DATA EXTRACT>
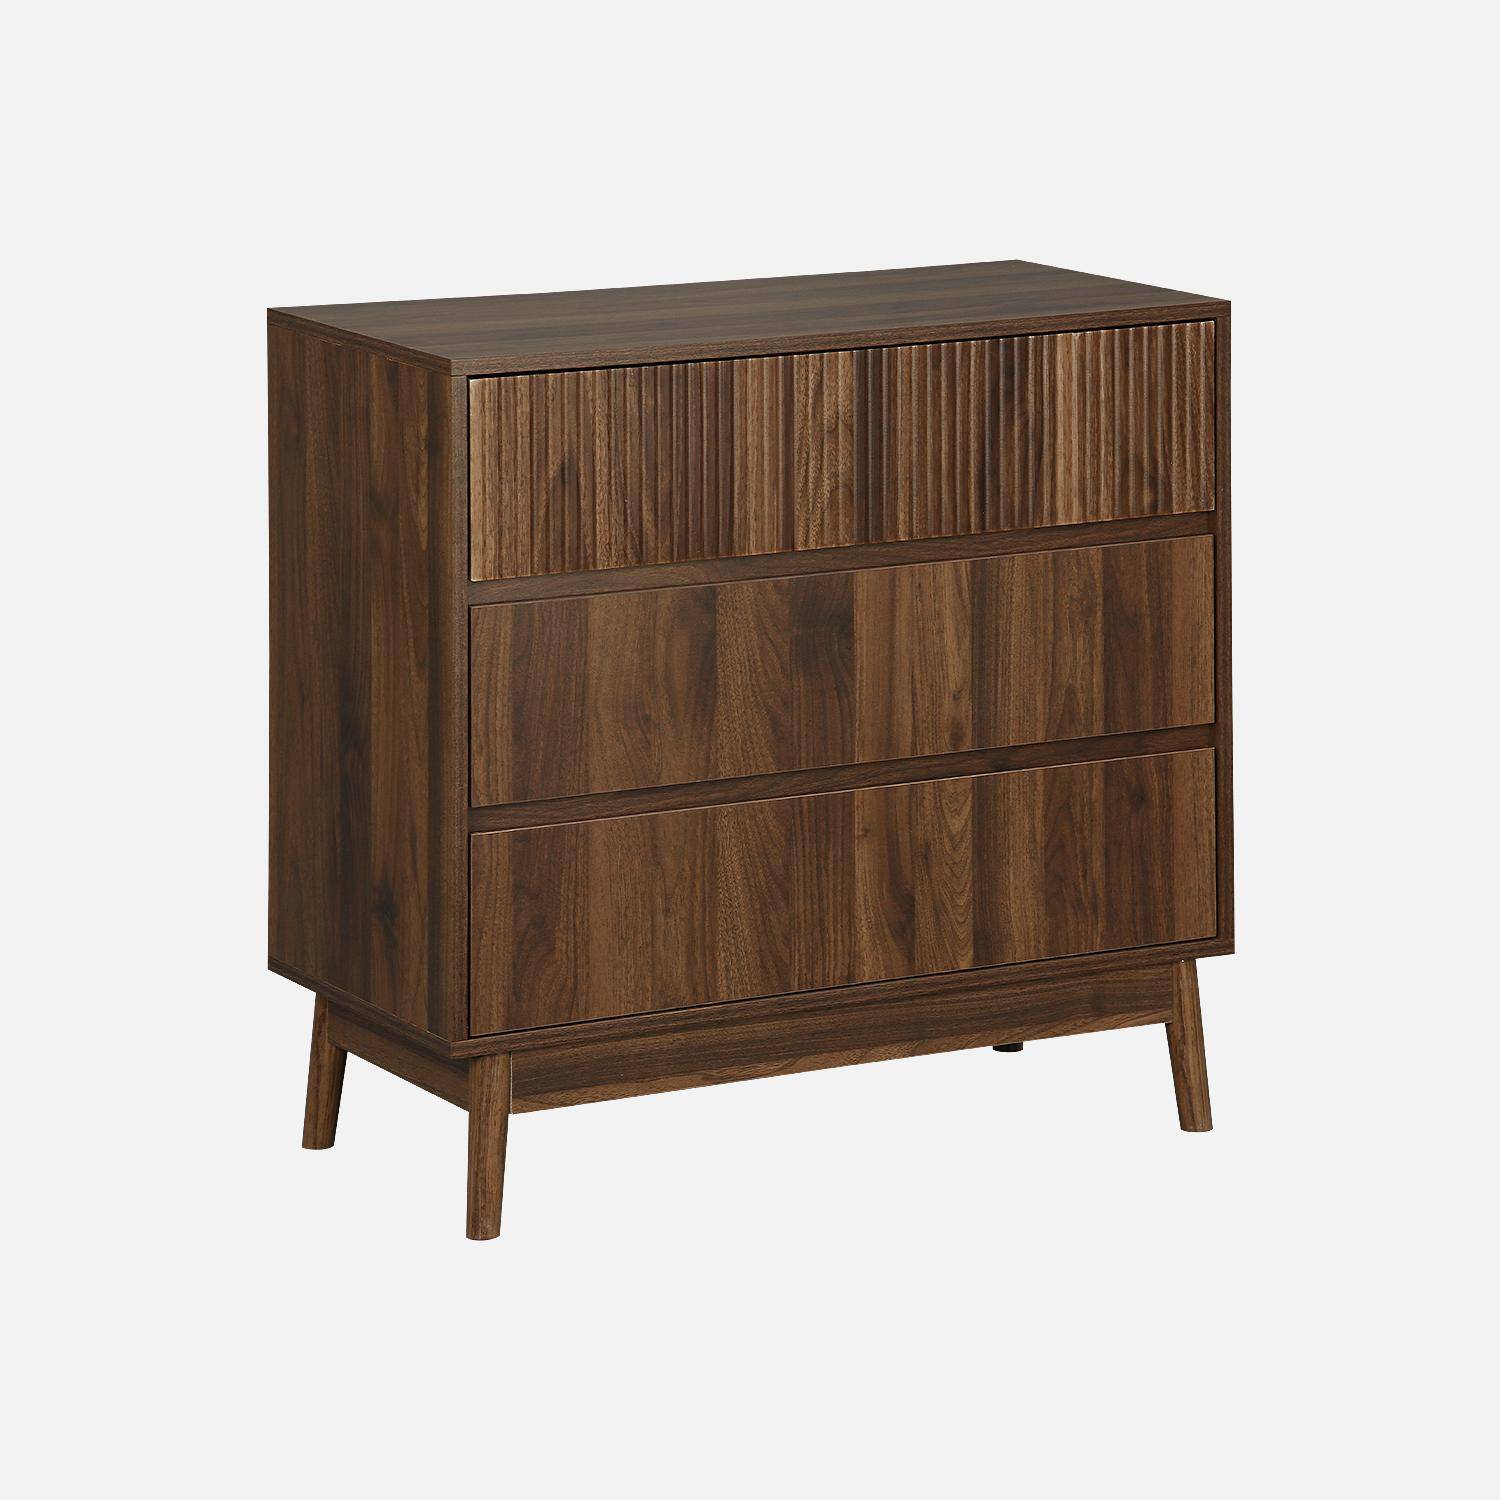 Grooved wood detail 3-drawer chest, 80x40x80cm - Linear - Dark Wood colour Photo3
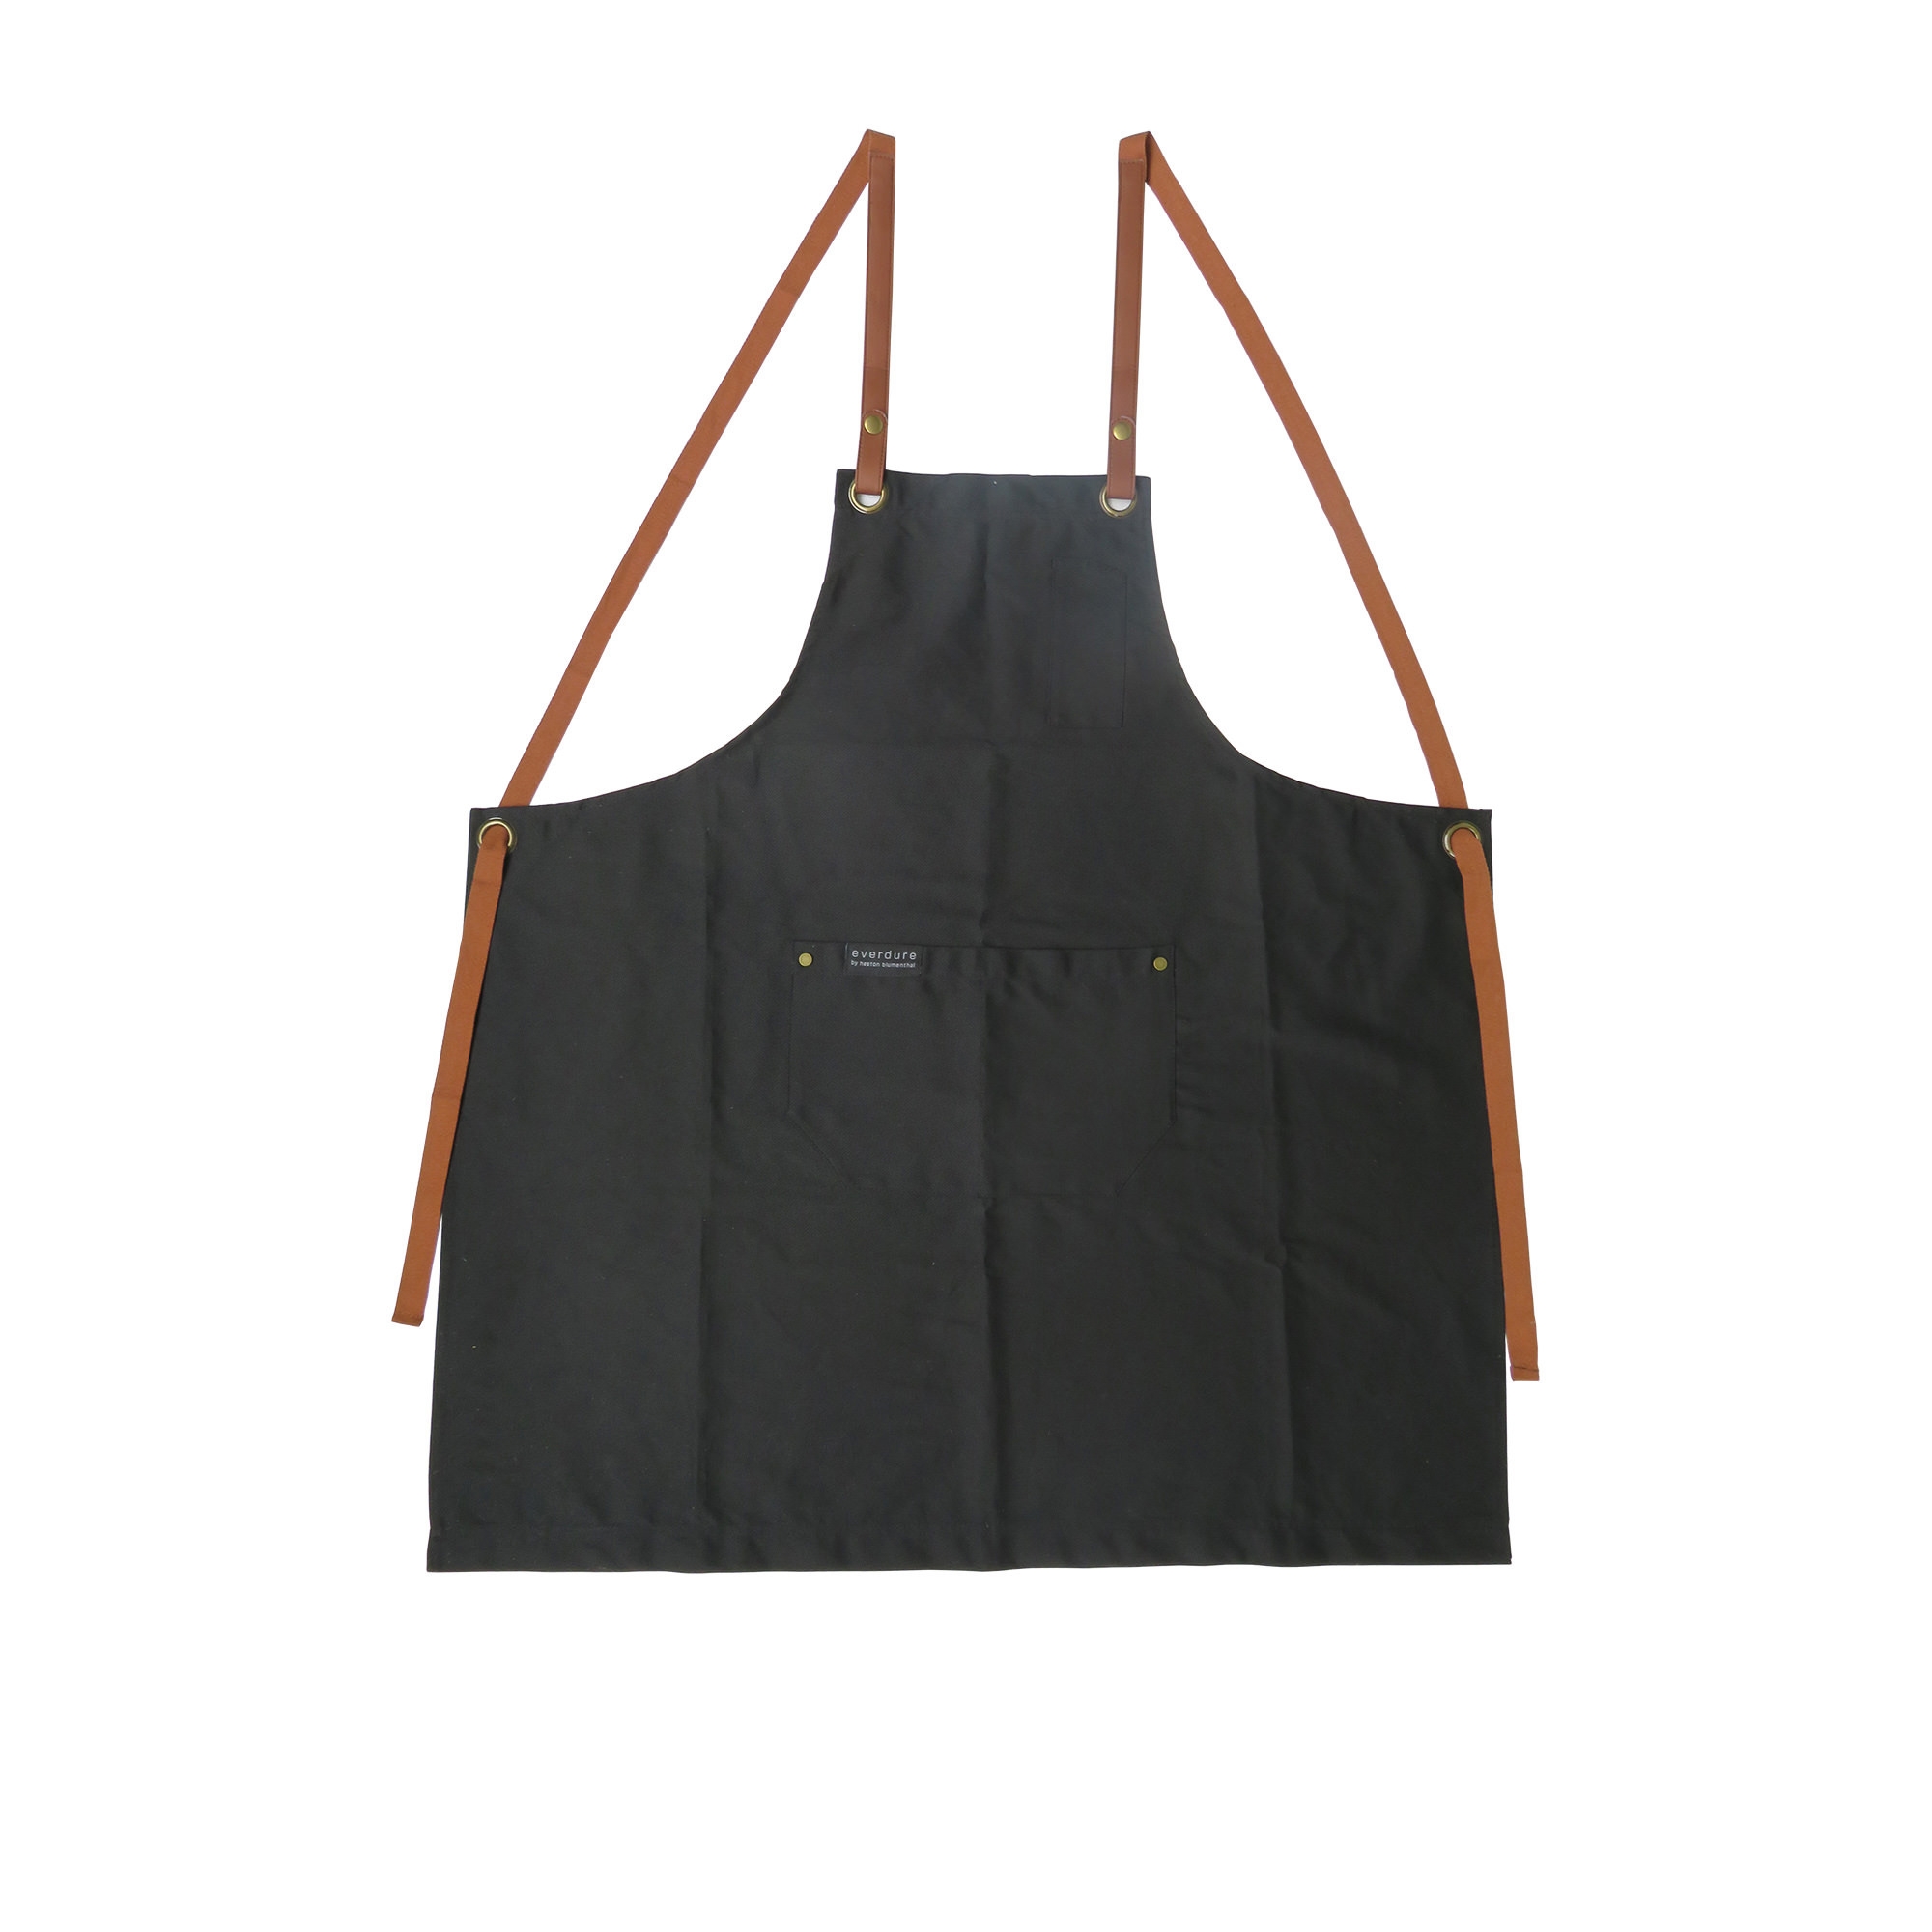 Everdure by Heston Blumenthal Premium Apron with Leather Detail Image 1
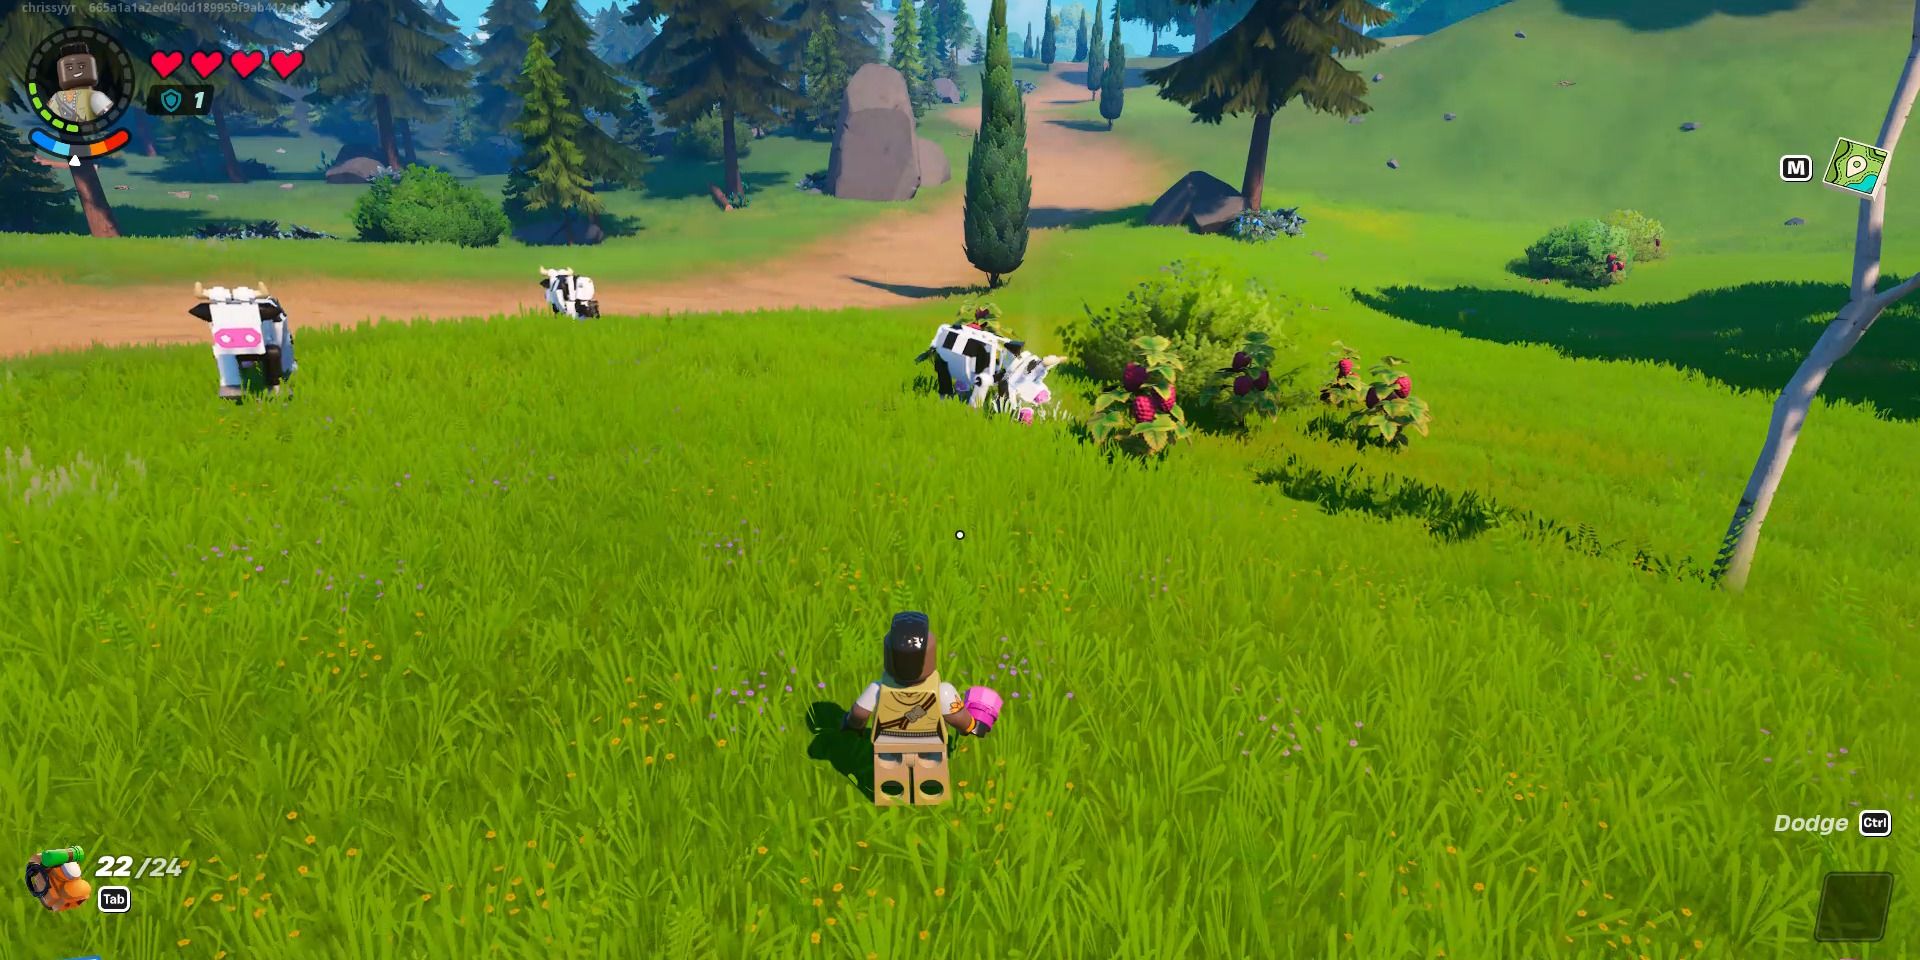 Image of a player in front of a group of cows in Lego Fortnite

THE TASK> None of the pictures should be reproduced; all other material above must be set down exactly.

TASK SOLUTION>
 Grooved wood detail 3-drawer chest, 80x40x80cm - Linear - Dark Wood colour Photo3
 Everdure by Heston Blumenthal Premium Apron with Leather Detail Image 1
 Image of a player in front of a group of cows in Lego Fortnite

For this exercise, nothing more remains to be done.